Snyder is talking about dozens of love letters written between her parents in the late 1930s and early 1940s. She put them together in the book “Dear Mary, Dear Luther.”
“You know, every day is a holiday since the day I met you,” she read from a letter her father wrote. “Yes, indeed, Mary, you really do things to me.”
“I can’t conceive anything but planning my life for you and with you,” read a letter her mother wrote. “Since meeting you, I have derived so much pleasure at the sight of you.”
Mary and Luther spent about four years apart before getting married and moving to New Haven, just before the start of World War II.
“They found in New Haven a segregated city,” Snyder explained. “It was very difficult to find a place to live because areas where black folks could live were limited.”
Snyder will be talking about that, and the letters, in a lecture this Wednesday night. It’s being streamed by the New Haven Museum on its Facebook page since people cannot attend in person these days.
It’s the perfect combination of a Valentine’s week love story and Black History Month lecture, because once she started digging into her family’s past, she found proof that her great-great grandfather had been enslaved, but escaped from a plantation in Virginia.

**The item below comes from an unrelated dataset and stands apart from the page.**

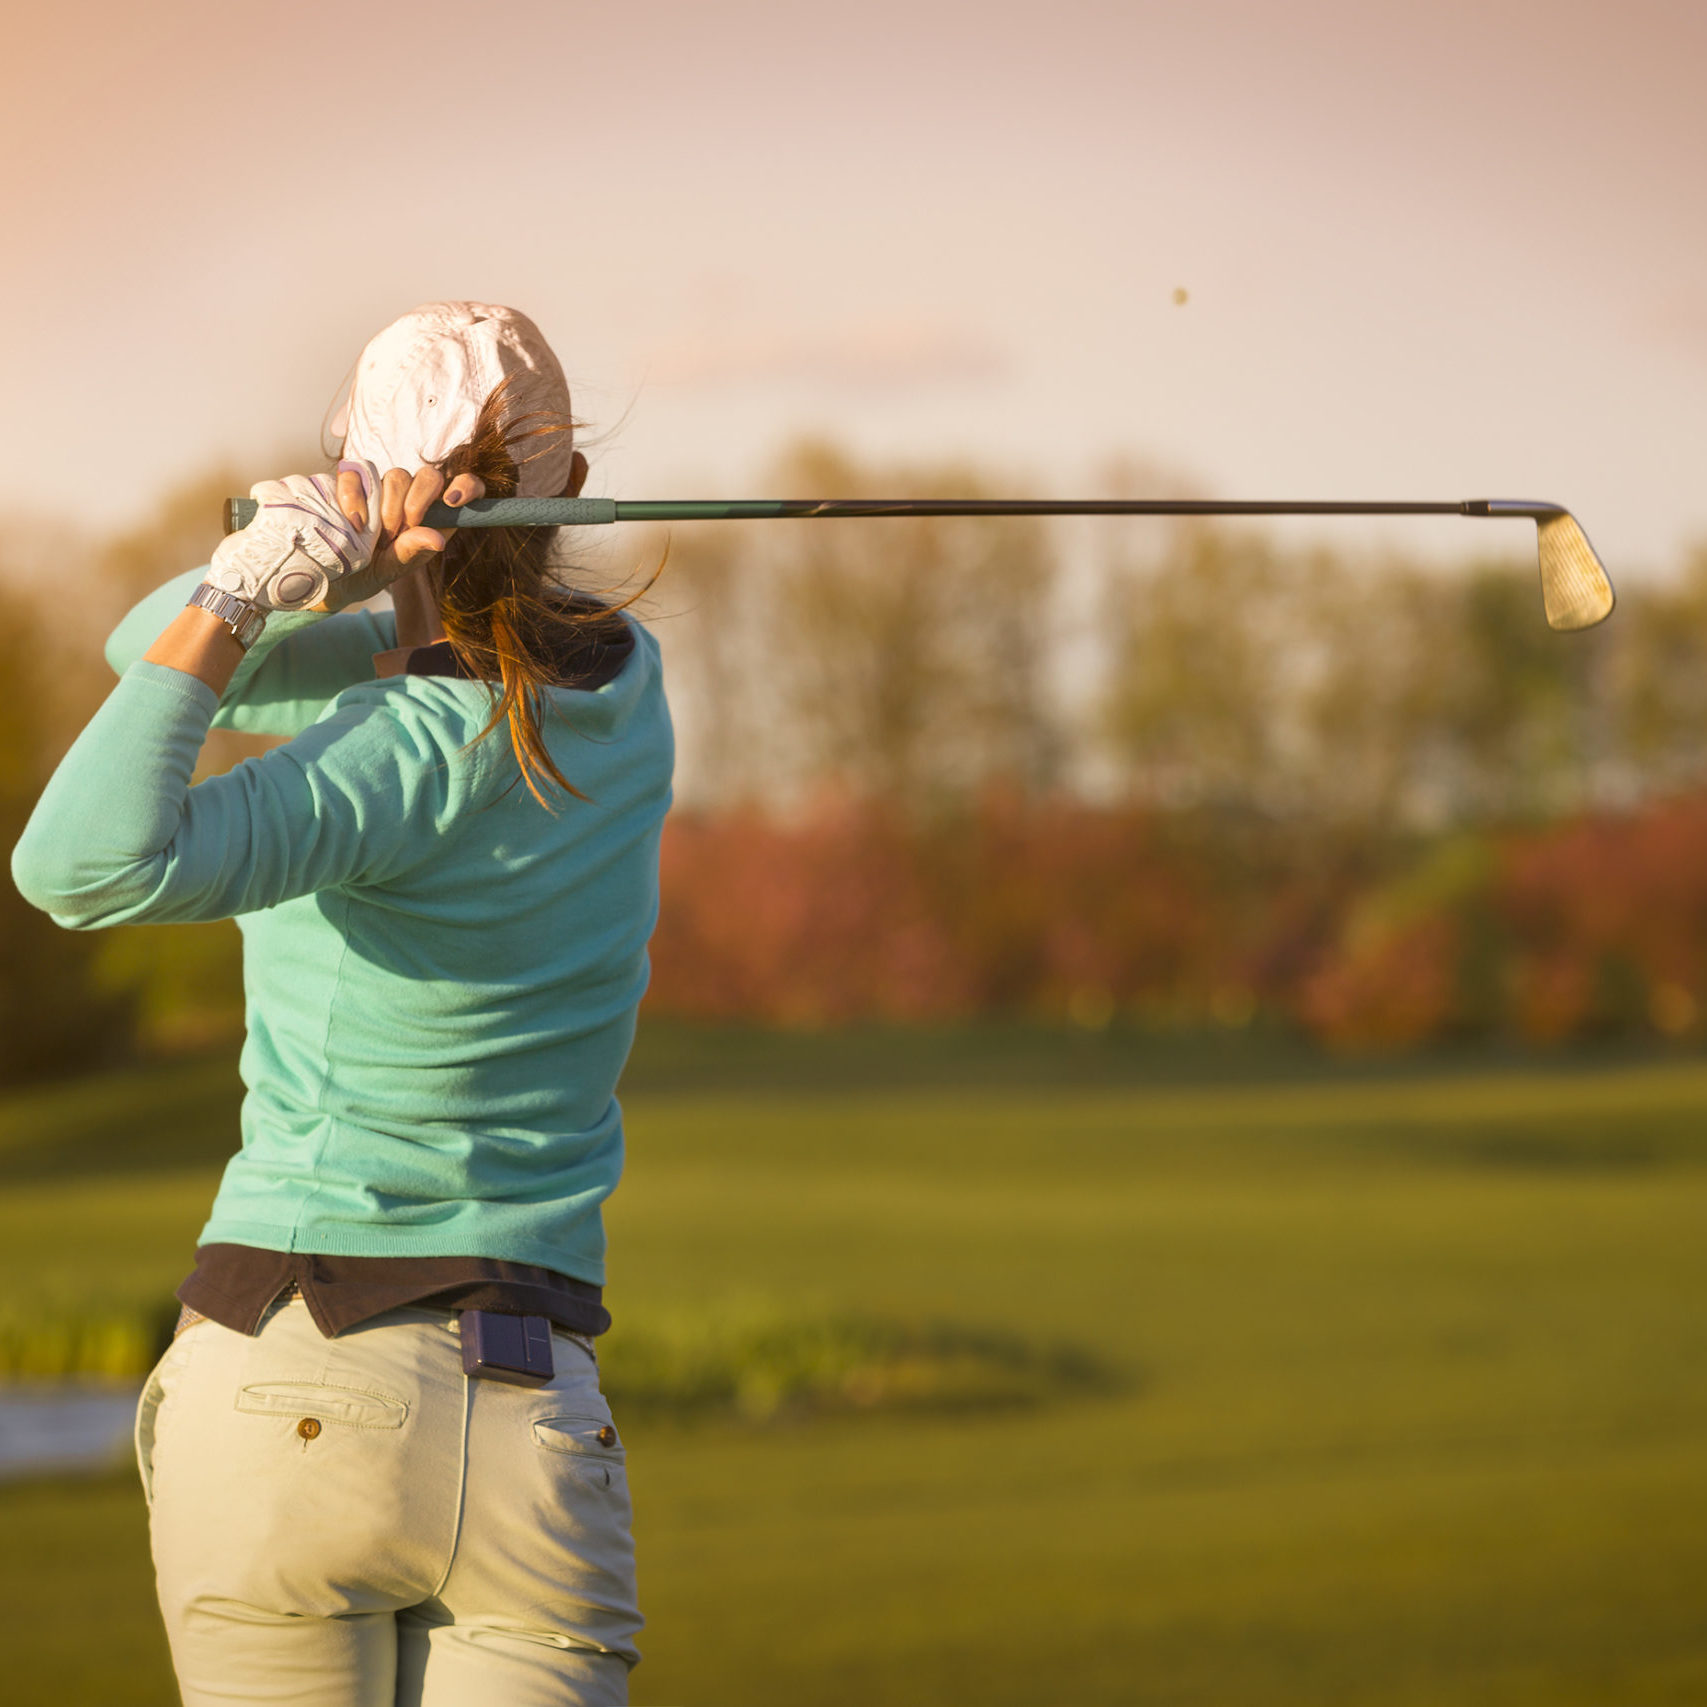 Close up of female golf player swinging golf club on fairway during sunset.

“His obituary, which actually goes into detail about his escape and his life and his getting married and raising a family,” Snyder said. “He’s my hero now.”
By learning about their history, she says African Americans can take back their culture.
“In African culture, ancestors are revered, but they’re not revered because they simply lived and died,” said Snyder. “They’re revered because of what they did in their lifetime to make our lives better.”